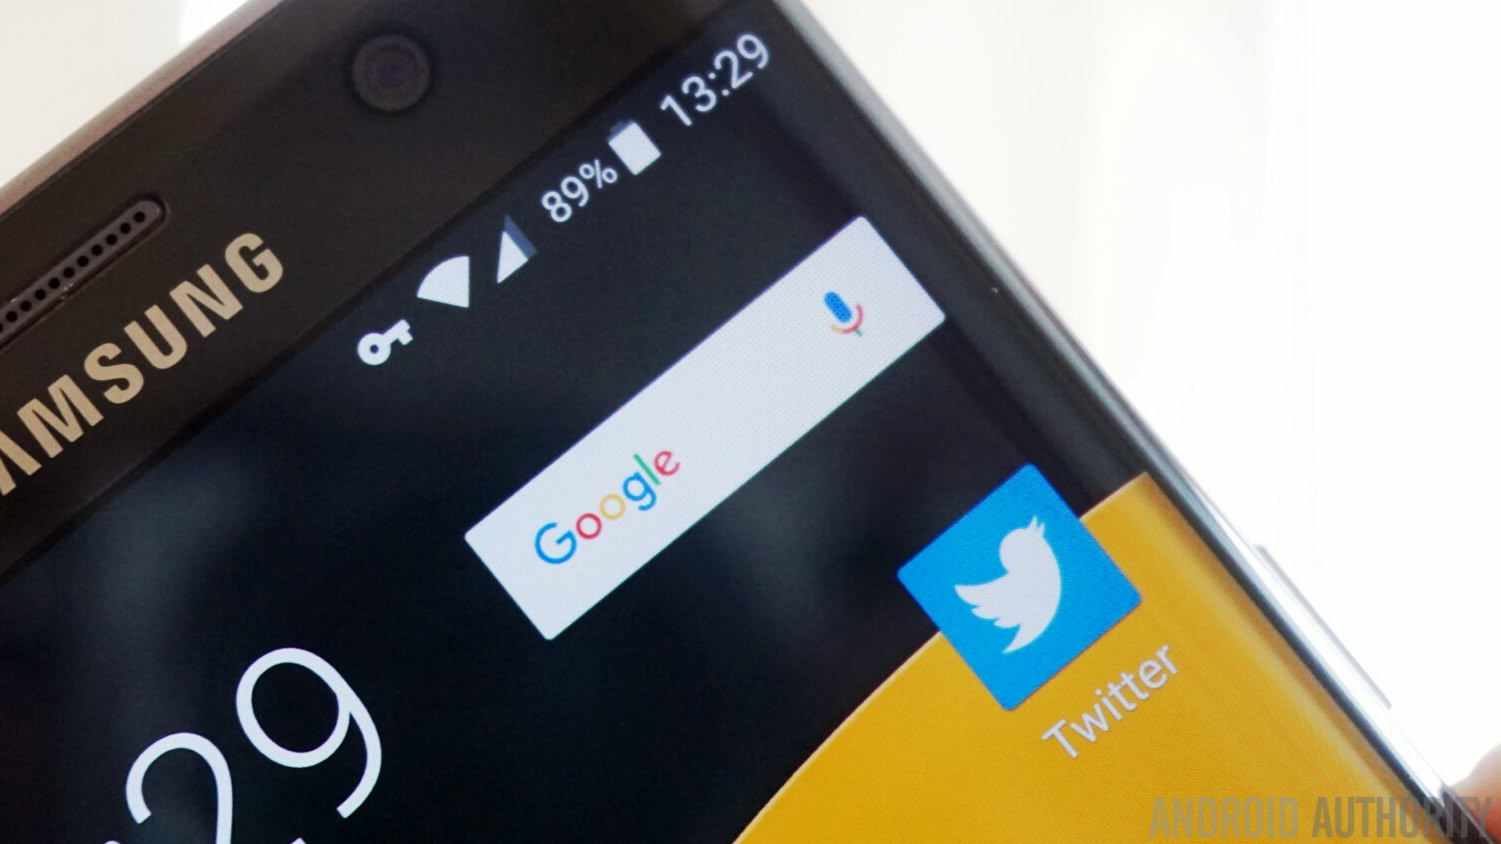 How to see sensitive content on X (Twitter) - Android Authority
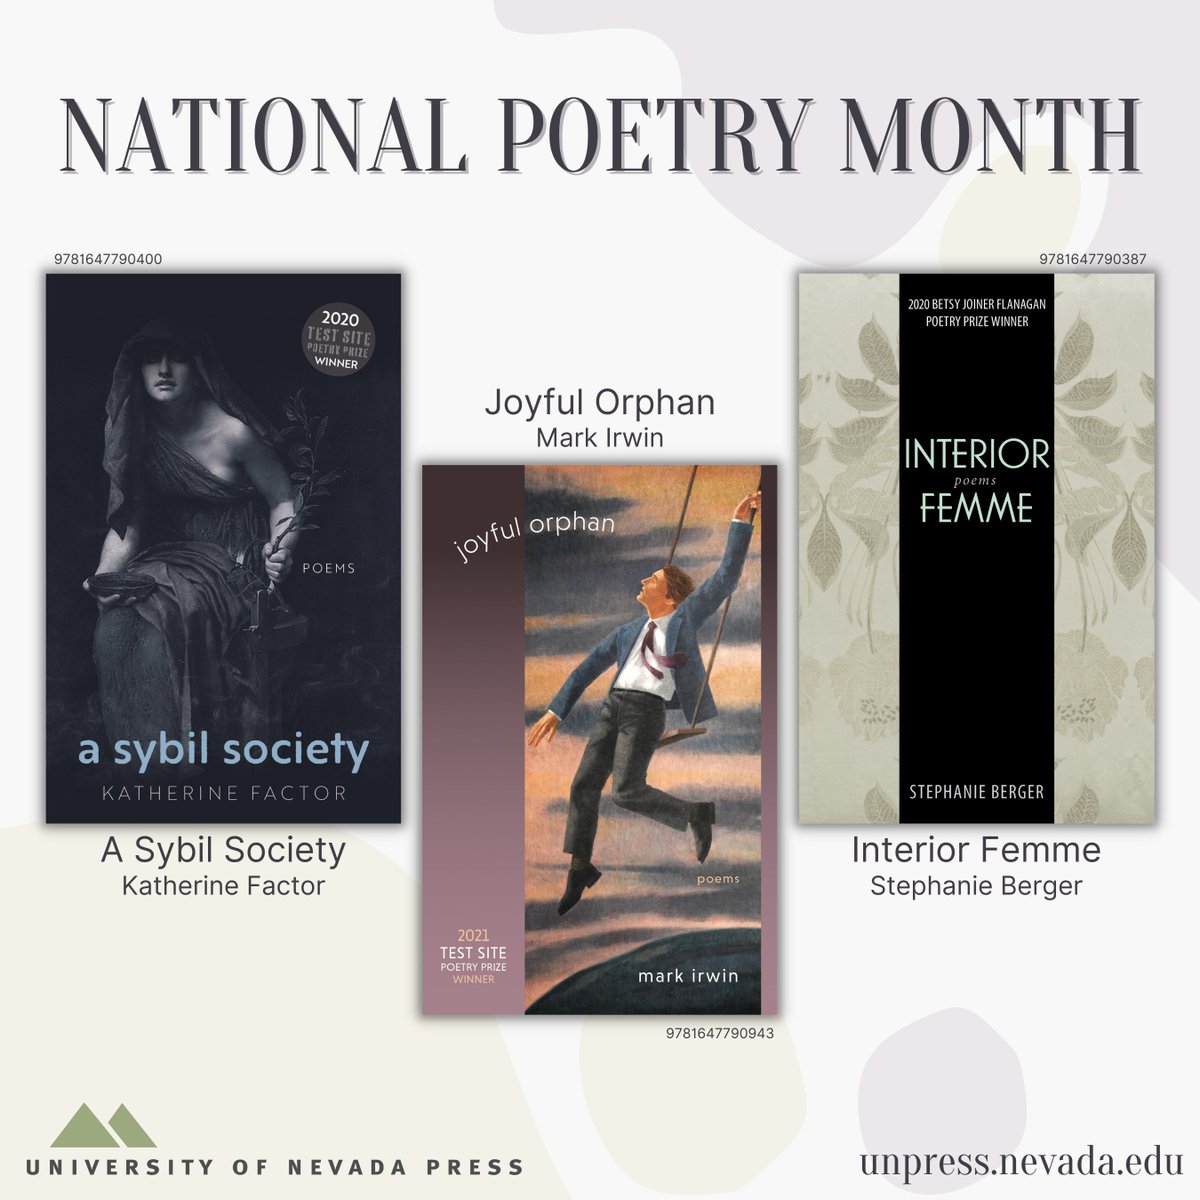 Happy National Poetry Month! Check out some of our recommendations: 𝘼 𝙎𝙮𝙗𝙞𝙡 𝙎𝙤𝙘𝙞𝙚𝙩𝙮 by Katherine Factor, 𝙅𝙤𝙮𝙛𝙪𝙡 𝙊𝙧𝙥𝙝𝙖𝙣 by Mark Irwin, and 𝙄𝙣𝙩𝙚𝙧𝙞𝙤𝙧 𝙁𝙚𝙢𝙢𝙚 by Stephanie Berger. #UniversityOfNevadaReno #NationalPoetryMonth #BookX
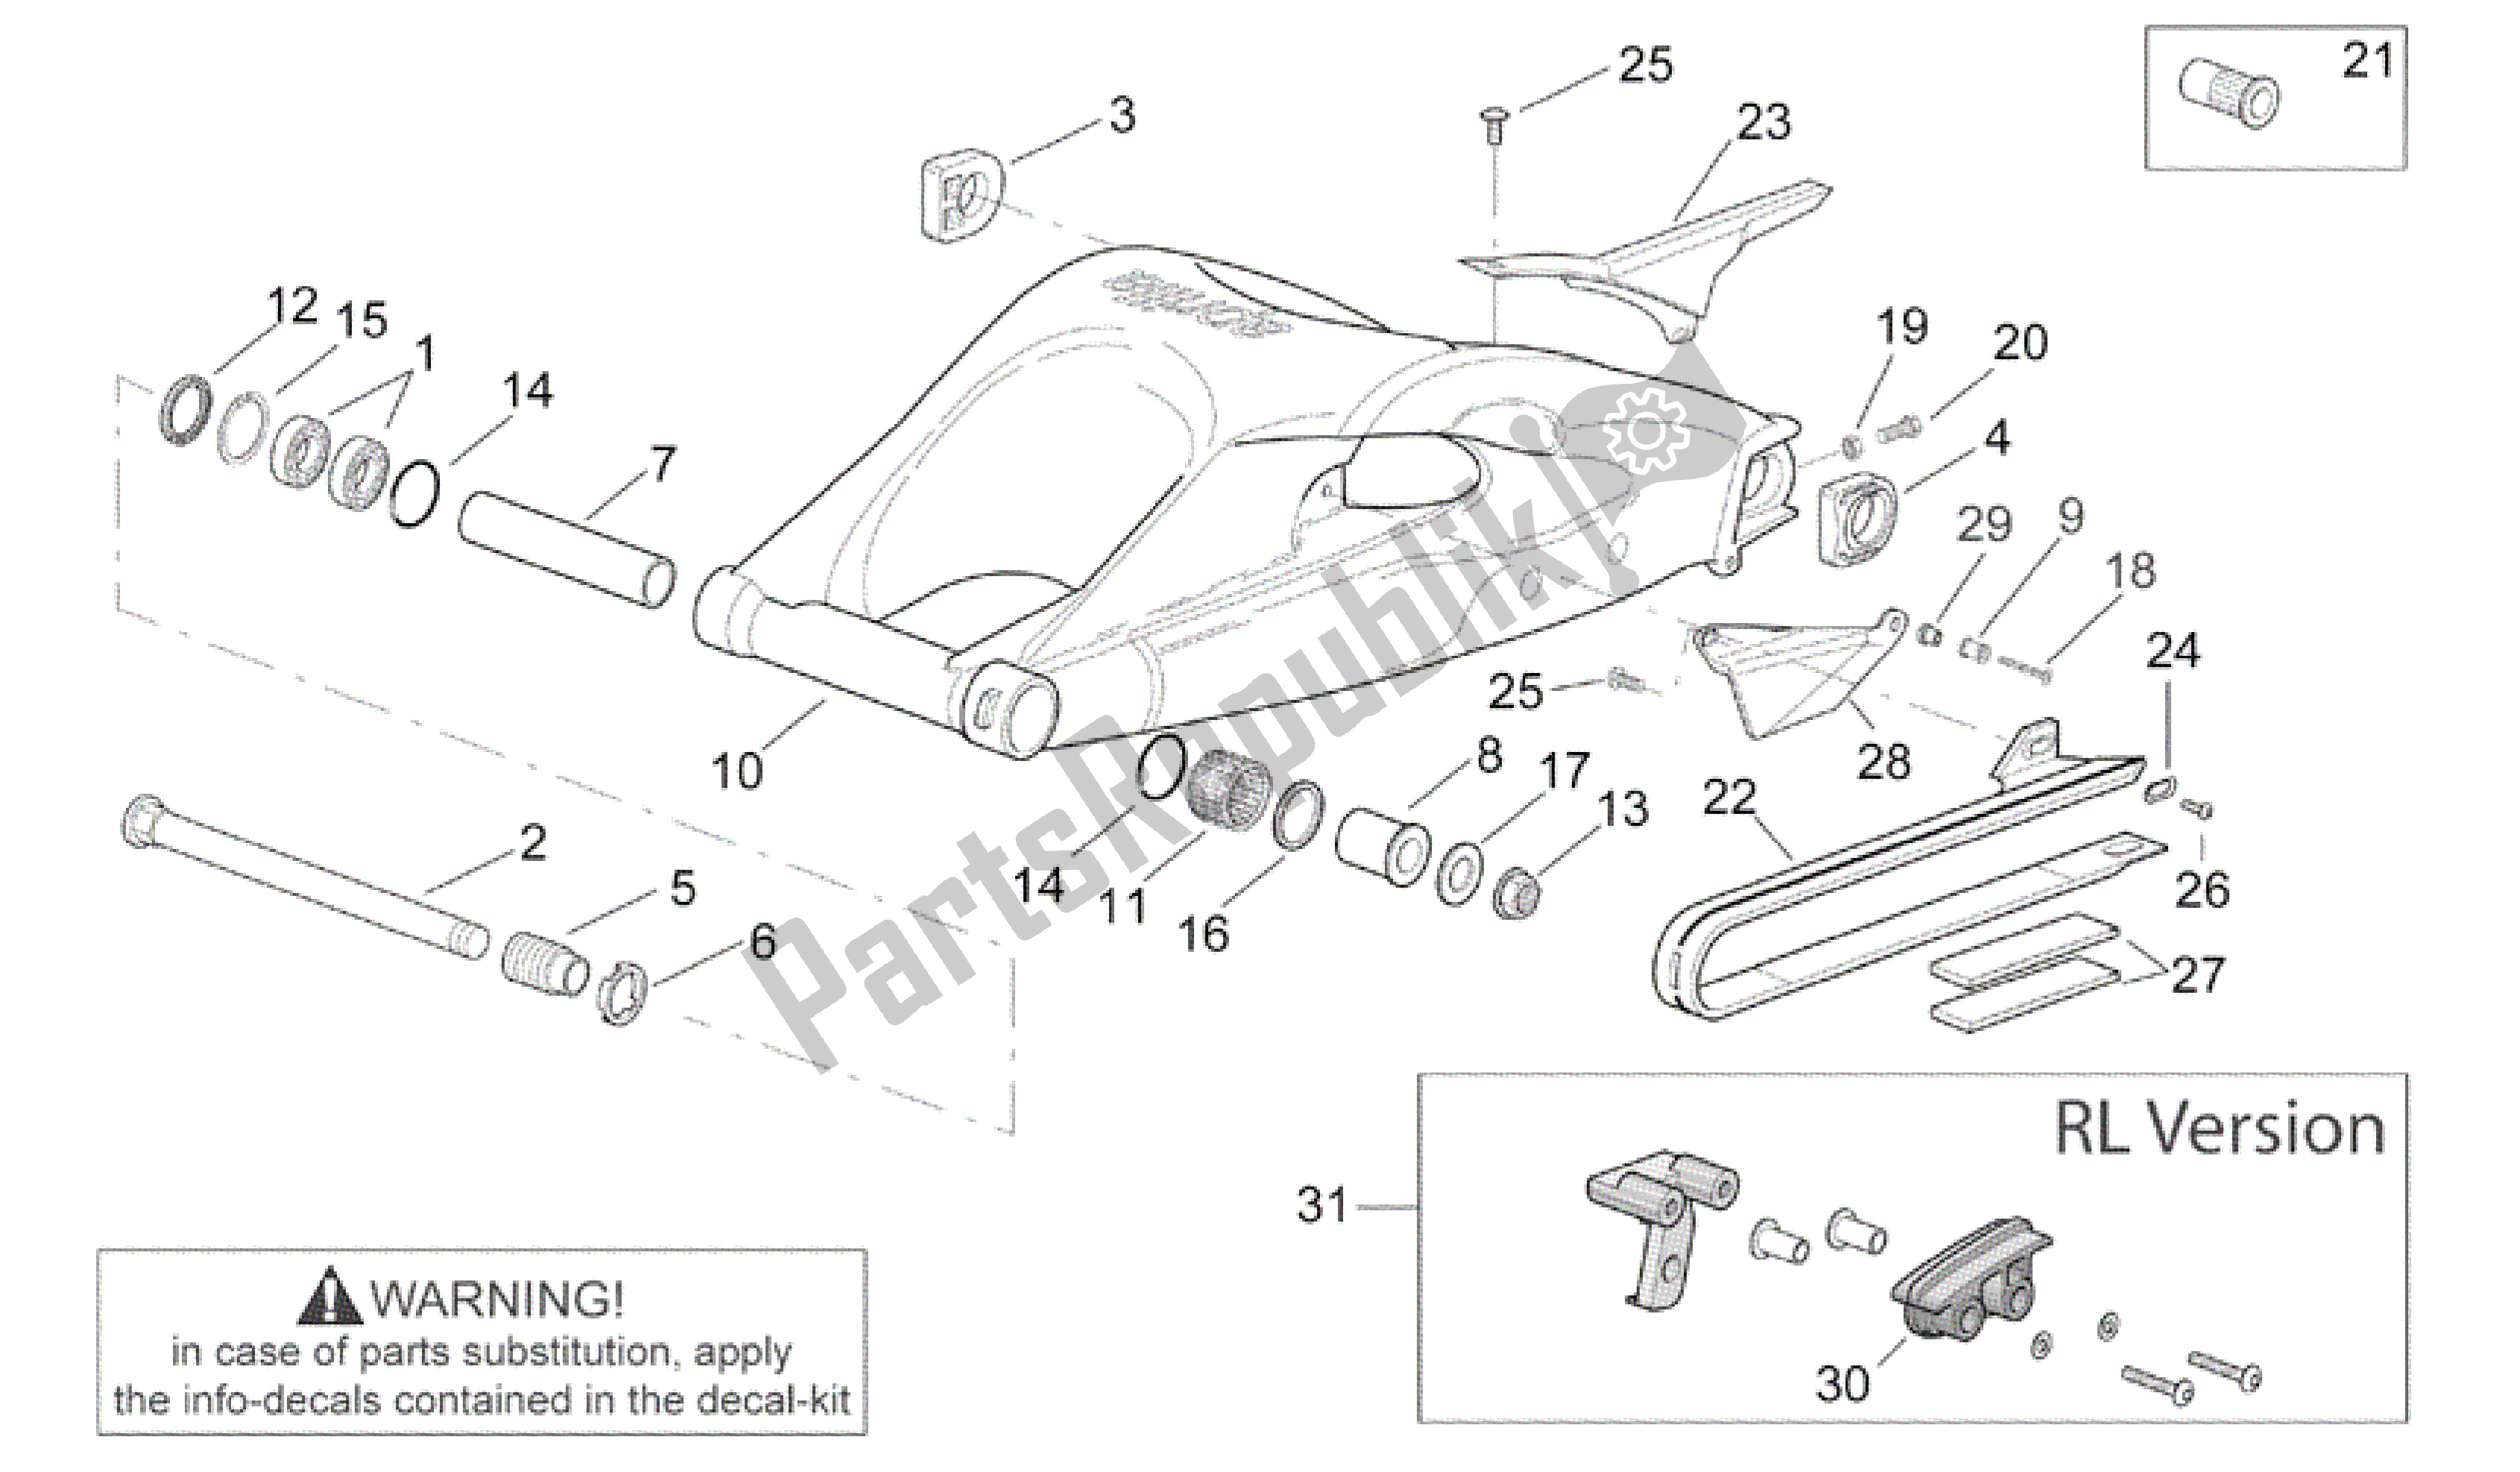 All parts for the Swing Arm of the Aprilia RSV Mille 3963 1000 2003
━━━━
* Task to carry out *
Your copy should match the data exactly, apart from the images, which are dropped.

* Output of the exercise *
 How to see sensitive content on X (Twitter) - Android Authority
 Happy National Poetry Month! Check out some of our recommendations: 𝘼 𝙎𝙮𝙗𝙞𝙡 𝙎𝙤𝙘𝙞𝙚𝙩𝙮 by Katherine Factor, 𝙅𝙤𝙮𝙛𝙪𝙡 𝙊𝙧𝙥𝙝𝙖𝙣 by Mark Irwin, and 𝙄𝙣𝙩𝙚𝙧𝙞𝙤𝙧 𝙁𝙚𝙢𝙢𝙚 by Stephanie Berger. #UniversityOfNevadaReno #NationalPoetryMonth #BookX
 All parts for the Swing Arm of the Aprilia RSV Mille 3963 1000 2003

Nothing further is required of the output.